■ Activity
From the first line to the last, return the material exactly.

#### Task data ####

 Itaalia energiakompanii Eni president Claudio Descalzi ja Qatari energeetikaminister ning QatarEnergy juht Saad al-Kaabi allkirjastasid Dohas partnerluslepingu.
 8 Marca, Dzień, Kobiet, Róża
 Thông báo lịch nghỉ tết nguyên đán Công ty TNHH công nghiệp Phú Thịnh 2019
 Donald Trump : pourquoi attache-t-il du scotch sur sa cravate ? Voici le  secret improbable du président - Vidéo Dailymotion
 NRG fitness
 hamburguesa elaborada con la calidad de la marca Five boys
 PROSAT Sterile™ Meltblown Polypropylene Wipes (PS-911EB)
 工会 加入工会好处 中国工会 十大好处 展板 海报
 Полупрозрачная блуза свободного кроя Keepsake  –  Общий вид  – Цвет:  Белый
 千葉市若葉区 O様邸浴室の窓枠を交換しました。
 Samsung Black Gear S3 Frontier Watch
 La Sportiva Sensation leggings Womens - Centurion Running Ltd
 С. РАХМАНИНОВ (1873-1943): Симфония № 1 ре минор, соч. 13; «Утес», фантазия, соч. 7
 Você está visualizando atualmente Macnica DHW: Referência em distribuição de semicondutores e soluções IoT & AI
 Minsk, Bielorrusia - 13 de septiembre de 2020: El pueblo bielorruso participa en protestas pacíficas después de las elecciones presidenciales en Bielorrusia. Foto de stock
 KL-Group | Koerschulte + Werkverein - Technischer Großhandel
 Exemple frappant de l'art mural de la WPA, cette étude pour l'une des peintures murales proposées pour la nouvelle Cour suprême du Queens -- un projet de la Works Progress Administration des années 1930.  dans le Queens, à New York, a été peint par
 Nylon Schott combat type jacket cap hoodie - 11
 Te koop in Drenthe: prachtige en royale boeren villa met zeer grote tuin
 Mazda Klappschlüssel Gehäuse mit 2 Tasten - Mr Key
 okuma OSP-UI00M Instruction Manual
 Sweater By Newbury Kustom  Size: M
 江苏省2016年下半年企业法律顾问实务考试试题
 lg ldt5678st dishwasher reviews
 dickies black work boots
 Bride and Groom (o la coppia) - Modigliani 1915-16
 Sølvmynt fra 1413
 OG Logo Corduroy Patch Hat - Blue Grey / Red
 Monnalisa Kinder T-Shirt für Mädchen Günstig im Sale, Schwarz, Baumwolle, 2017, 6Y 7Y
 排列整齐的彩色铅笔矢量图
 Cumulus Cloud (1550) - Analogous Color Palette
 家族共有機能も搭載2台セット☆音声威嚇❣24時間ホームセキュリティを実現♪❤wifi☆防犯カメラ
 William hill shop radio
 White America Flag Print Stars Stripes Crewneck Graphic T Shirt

####

■ Solution to the exercise
 Itaalia energiakompanii Eni president Claudio Descalzi ja Qatari energeetikaminister ning QatarEnergy juht Saad al-Kaabi allkirjastasid Dohas partnerluslepingu.
 8 Marca, Dzień, Kobiet, Róża
 Thông báo lịch nghỉ tết nguyên đán Công ty TNHH công nghiệp Phú Thịnh 2019
 Donald Trump : pourquoi attache-t-il du scotch sur sa cravate ? Voici le  secret improbable du président - Vidéo Dailymotion
 NRG fitness
 hamburguesa elaborada con la calidad de la marca Five boys
 PROSAT Sterile™ Meltblown Polypropylene Wipes (PS-911EB)
 工会 加入工会好处 中国工会 十大好处 展板 海报
 Полупрозрачная блуза свободного кроя Keepsake  –  Общий вид  – Цвет:  Белый
 千葉市若葉区 O様邸浴室の窓枠を交換しました。
 Samsung Black Gear S3 Frontier Watch
 La Sportiva Sensation leggings Womens - Centurion Running Ltd
 С. РАХМАНИНОВ (1873-1943): Симфония № 1 ре минор, соч. 13; «Утес», фантазия, соч. 7
 Você está visualizando atualmente Macnica DHW: Referência em distribuição de semicondutores e soluções IoT & AI
 Minsk, Bielorrusia - 13 de septiembre de 2020: El pueblo bielorruso participa en protestas pacíficas después de las elecciones presidenciales en Bielorrusia. Foto de stock
 KL-Group | Koerschulte + Werkverein - Technischer Großhandel
 Exemple frappant de l'art mural de la WPA, cette étude pour l'une des peintures murales proposées pour la nouvelle Cour suprême du Queens -- un projet de la Works Progress Administration des années 1930.  dans le Queens, à New York, a été peint par
 Nylon Schott combat type jacket cap hoodie - 11
 Te koop in Drenthe: prachtige en royale boeren villa met zeer grote tuin
 Mazda Klappschlüssel Gehäuse mit 2 Tasten - Mr Key
 okuma OSP-UI00M Instruction Manual
 Sweater By Newbury Kustom  Size: M
 江苏省2016年下半年企业法律顾问实务考试试题
 lg ldt5678st dishwasher reviews
 dickies black work boots
 Bride and Groom (o la coppia) - Modigliani 1915-16
 Sølvmynt fra 1413
 OG Logo Corduroy Patch Hat - Blue Grey / Red
 Monnalisa Kinder T-Shirt für Mädchen Günstig im Sale, Schwarz, Baumwolle, 2017, 6Y 7Y
 排列整齐的彩色铅笔矢量图
 Cumulus Cloud (1550) - Analogous Color Palette
 家族共有機能も搭載2台セット☆音声威嚇❣24時間ホームセキュリティを実現♪❤wifi☆防犯カメラ
 William hill shop radio
 White America Flag Print Stars Stripes Crewneck Graphic T Shirt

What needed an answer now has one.